El arte de la comedia/Eduardo de Filippo/Teatro de la Abadía
Prodigioso elenco
Obra: El arte de la comedia – Autor: Eduardo de Filippo (1964) – Traducción: Ana Isabel Fernández Valbuena – Intérpretes: Enric Benavent (Oreste Campese), Markos Marín / Luis Moreno (Armando Veronesi, guarda), Lidia Otón (Palmira, dueña del bar), Pedro Casablanc (Excelentísimo De Caro, Gobernador), José Luis Alcobendas (Giacomo Franci, secretario del Gobernador), Jesús Barranco (Quinto Bassetti, médico), Joaquín Hinojosa (Padre Salvati, párroco), Lola Manzano (Lucia Petrella, maestra), Ernesto Arias / Cipriano Lodosa (Un montañés), Palmira Ferrer / María Miguel (Su mujer), Diego Galeano (Girolamo Pica, farmacéutico), Óscar de la Fuente (Sacristán) – Dirección, Escenografía e Iluminación: Carles Alfaro – Vestuario: María Araujo – Ambientación musical: José Manuel Gutiérrez – Producción: Teatro de la Abadía.

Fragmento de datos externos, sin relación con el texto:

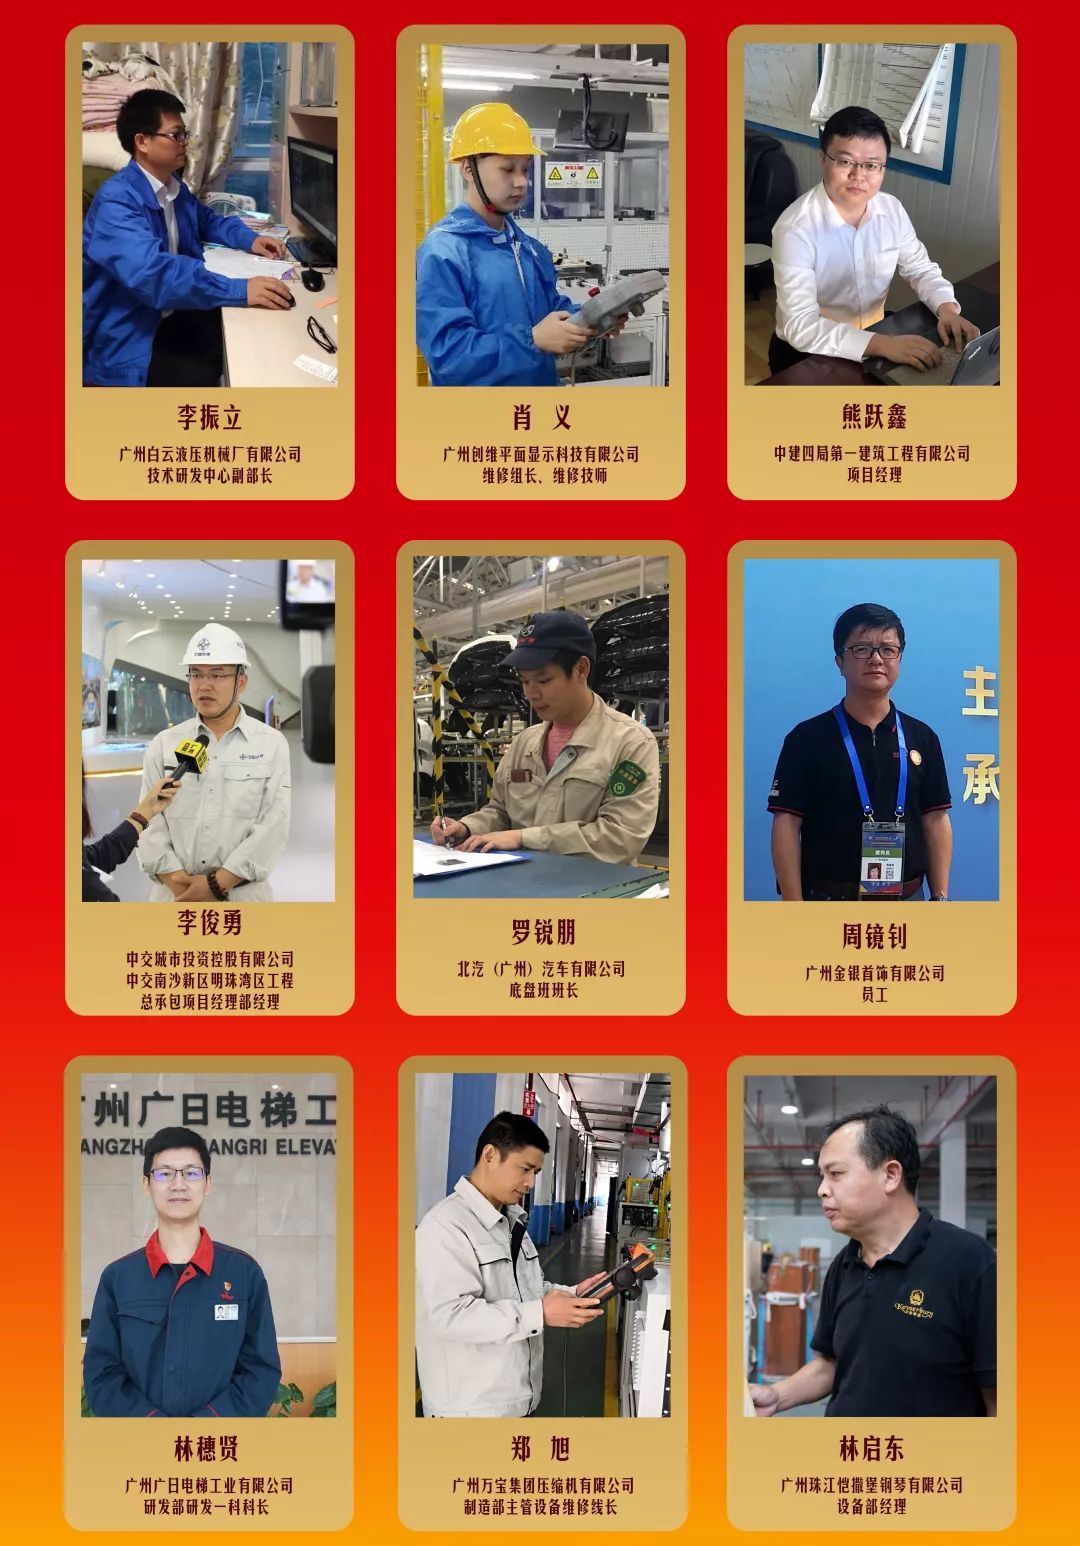 【信息速递】广州劳模图鉴|这么敬业,是新时代的奋斗者没错了!

No tuve ocasión de ver esta función en el momento de su estreno en febrero de este año en el teatro de la Abadía celebrando el decimoquinto aniversario de su inauguración. De modo que, atraído por el gran éxito de público que constituyeron aquellas representaciones, me he acercado ahora al teatro Español, donde se está reponiendo a lo largo de todo este mes de julio, preguntándome cuáles son las razones que mueven al respetable a interesarse por una obra teatral que, al menos sobre el papel, no presenta demasiado interés. Para empezar, El arte de la comedia, estrenada en Nápoles por Eduardo de Filippo en 1964, parece a primera vista más falsa que un billete de mil euros. No nos sorprende, de entrada, con ese poso de humanidad que rezuma de inmediato de otras comedias suyas, como son Con derecho a fantasma, Filomena Marturano o Sábado, domingo, lunes, y que procede tanto de su profundo conocimiento del ambiente popular de su Nápoles natal como de la maestría y el arte que demuestra para trasladarlo a la escena, sino que se presenta como una farsa, tirando a bufonada, que está deliberadamente escrita para que el público se parta de risa mediante el uso de toda la extensa gama de trucos que el arte de Talía siempre tiene dispuestos para la ocasión: situaciones equívocas, diálogos de doble sentido, lógica dislocada, personajes excéntricos, conductas estrafalarias, etc, etc, etc.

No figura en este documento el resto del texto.